Zeng Guang <guang.zeng@xxxxxxxxx> · Mon, 18 Apr 2022 20:49:05 +0800

On 4/15/2022 11:25 PM, Sean Christopherson wrote:
On Mon, Apr 11, 2022, Zeng Guang wrote:

diff --git a/arch/x86/kvm/x86.c b/arch/x86/kvm/x86.c
index d1a39285deab..23fbf52f7bea 100644
--- a/arch/x86/kvm/x86.c
+++ b/arch/x86/kvm/x86.c
@@ -11180,11 +11180,15 @@ static int sync_regs(struct kvm_vcpu *vcpu)
  
  int kvm_arch_vcpu_precreate(struct kvm *kvm, unsigned int id)
  {
+	int ret = 0;
+
  	if (kvm_check_tsc_unstable() && atomic_read(&kvm->online_vcpus) != 0)
  		pr_warn_once("kvm: SMP vm created on host with unstable TSC; "
  			     "guest TSC will not be reliable\n");
  
-	return 0;
+	if (kvm_x86_ops.alloc_ipiv_pid_table)
+		ret = static_call(kvm_x86_alloc_ipiv_pid_table)(kvm);
Add a generic kvm_x86_ops.vcpu_precreate, no reason to make this so specific.
And use KVM_X86_OP_RET0 instead of KVM_X86_OP_OPTIONAL, then this can simply be

	return static_call(kvm_x86_vcpu_precreate);

That said, there's a flaw in my genius plan.

   1. KVM_CREATE_VM
   2. KVM_CAP_MAX_VCPU_ID, set max_vcpu_ids=1
   3. KVM_CREATE_VCPU, create IPIv table but ultimately fails
   4. KVM decrements created_vcpus back to '0'
   5. KVM_CAP_MAX_VCPU_ID, set max_vcpu_ids=4096
   6. KVM_CREATE_VCPU w/ ID out of range

In other words, malicious userspace could trigger buffer overflow.

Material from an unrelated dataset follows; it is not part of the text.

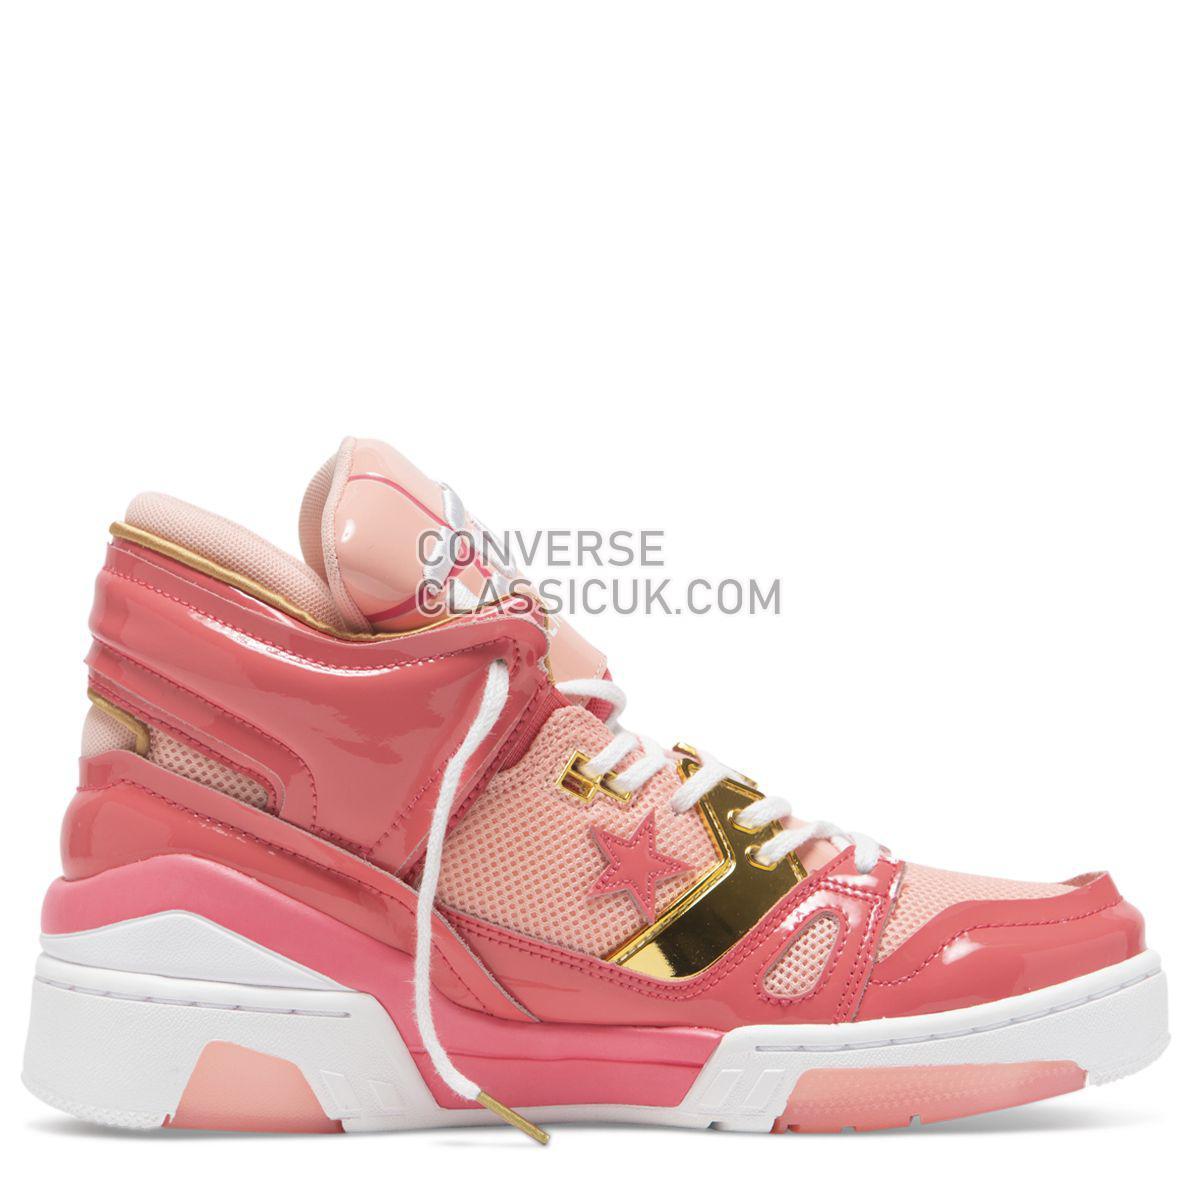 Converse X Feng Chen Wang ERX 260 Mid Calypso Coral Womens 565601 Calypso Coral/Apricot Blush Shoes

This is the tricky exploit that make max_vcpu_ids update more times. I 
think we
can avoid this issue by checking pid table availability during the 
pre-creation
of the first vCPU. If it's already allocated, free it and re-allocate to 
accommodate
table size to new max_vcpu_ids if updated.

That could be solved by adding an arch hook to undo precreate, but that's gross
and a good indication that we're trying to solve this the wrong way.

I think it's high time we add KVM_FINALIZE_VM, though that's probably a bad name
since e.g. TDX wants to use that name for VM really, really, being finalized[*],
i.e. after all vCPUs have been created.

KVM_POST_CREATE_VM?  That's not very good either.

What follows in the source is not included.